The minute the opera was announced I booked tickets. Originally I was going Tuesday but the need to fit in a workshop in Bratislava meant I had to move it and the only option was last night, after a red eye. But it was worth it. Meyerbeer was one of the original inspirational points for Wagner. Without him Rienzi would never have been staged in Berlin, but that failure and Wagner's problems with Paris made Mayerbeer a scapegoat and was probably the reason behind the temperamental polemic that has so tainted Wagner's history namely Das Judenthum in der Musik. It is a Grand Opera, and one of the first of that kind. The story picks up on a mediaeval French legend about the father of WIlliam the Conquerer who was supposedly the product of a pact between his mother and the Devil. In the opera his father, sung magnificently by John Relyea, has to secure a pact with his son to stay on earth. He is at the end redeemed, even though of demon stock, by his foster sister and servant Alice (gloriously sung by Marina Poplavskaya) reading a letter from his mother.

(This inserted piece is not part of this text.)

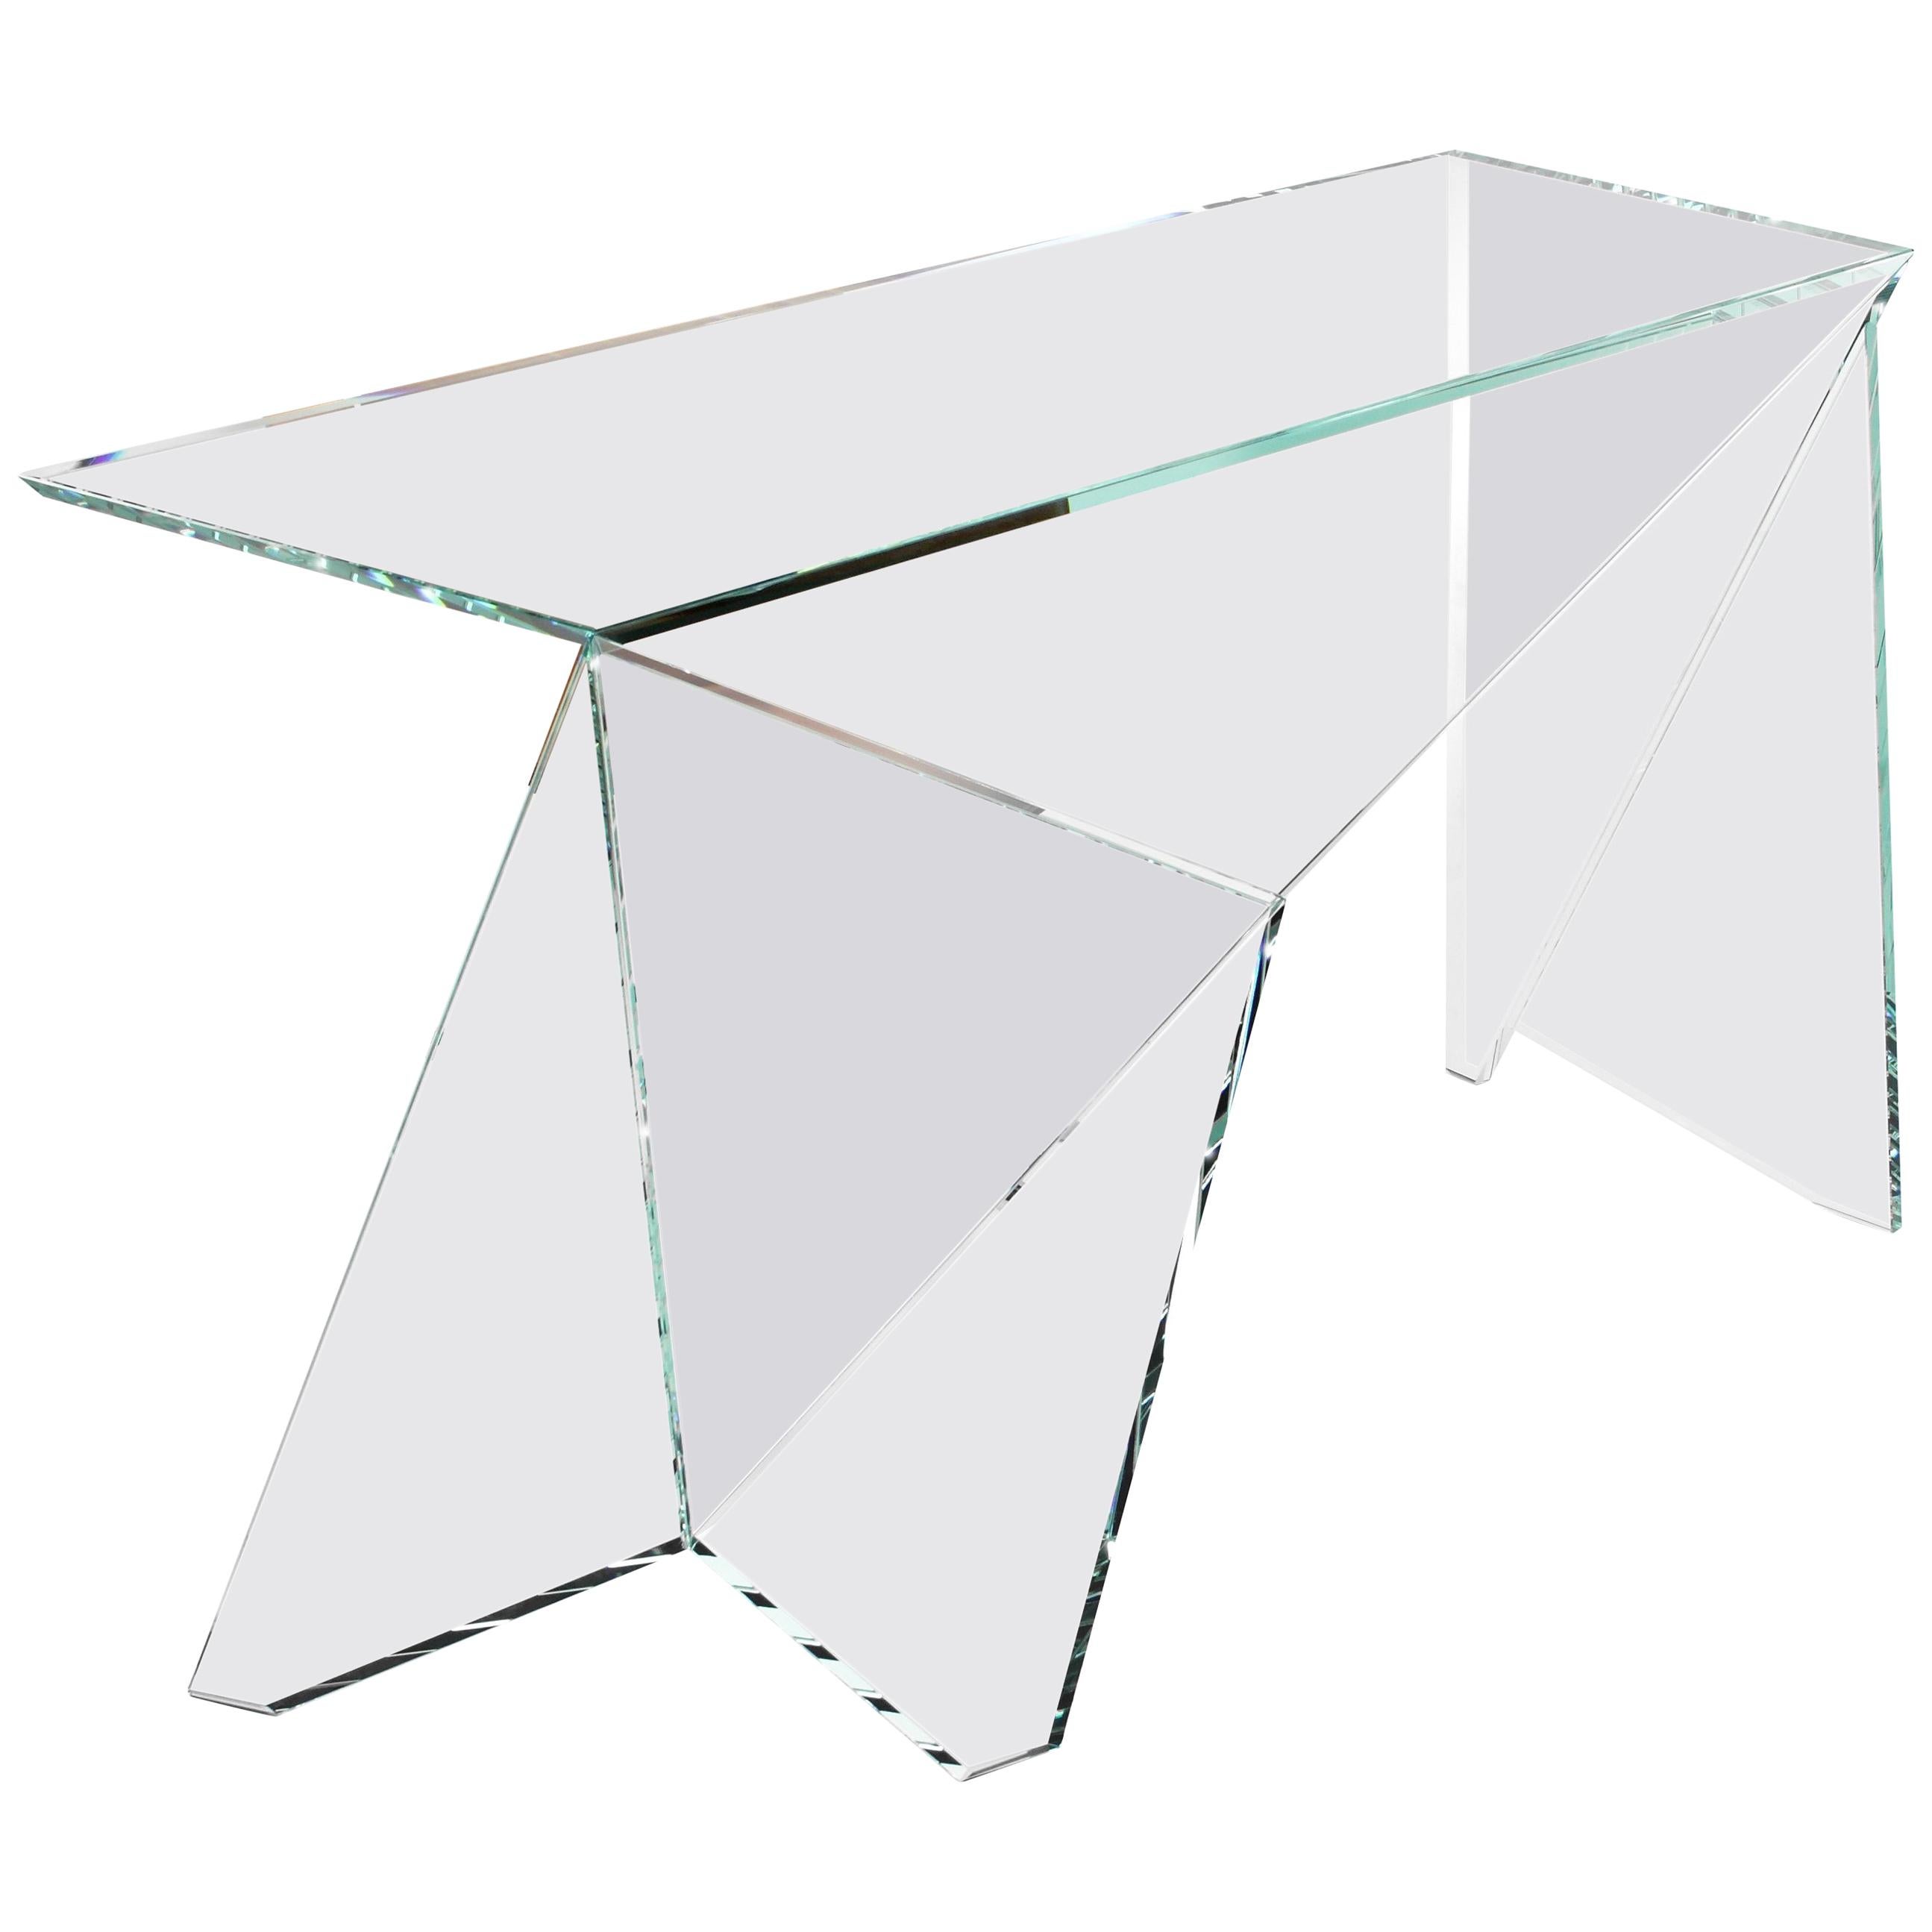 Schreibtisch oder Schreibtisch aus Kristallglas im Origami-Design mit Sammlerstücken

Now all of this picks up on the whole mediaeval idea that women being susceptible to the devil as a result of their untamed lusts coupled with noble virgin servant girl and the like. Demons in the Christian tradition are of course fallen angels, and there is must speculation in the history of the Church as to whether some of them were just caught up in the rebellion and may be reprieved. Of course Milton implicitly, and the modern form of Pullman's Dark Materials explicity, suggests a more noble desire for freedom in that rebellion. The lot of demons is of course to suffer and create suffering in tern.
We may claim to be too sophisticated these days for what we see as simplistic mediaeval notions of God and Satan, contracts with the Devil, penance, redemption through loyalty and persistence etc. etc. But its all to easy to forget that the mediaeval mind, in so far as we can know it, saw evil as a day to day aspect of life, a constant temptation to be overcome through a virtuous life. In the modern day we demonise those we do not like. Fox News presents simplistic dichotomies in which the good are so very good and the bad are unredeemable. Their opponents too often fall into the trap and attempt a reverse dichotomy, something I commented on earlier in the year. So maybe, as Christmas approaches, the idea of evil redeemed which is at the heart of the opera is not bad theme.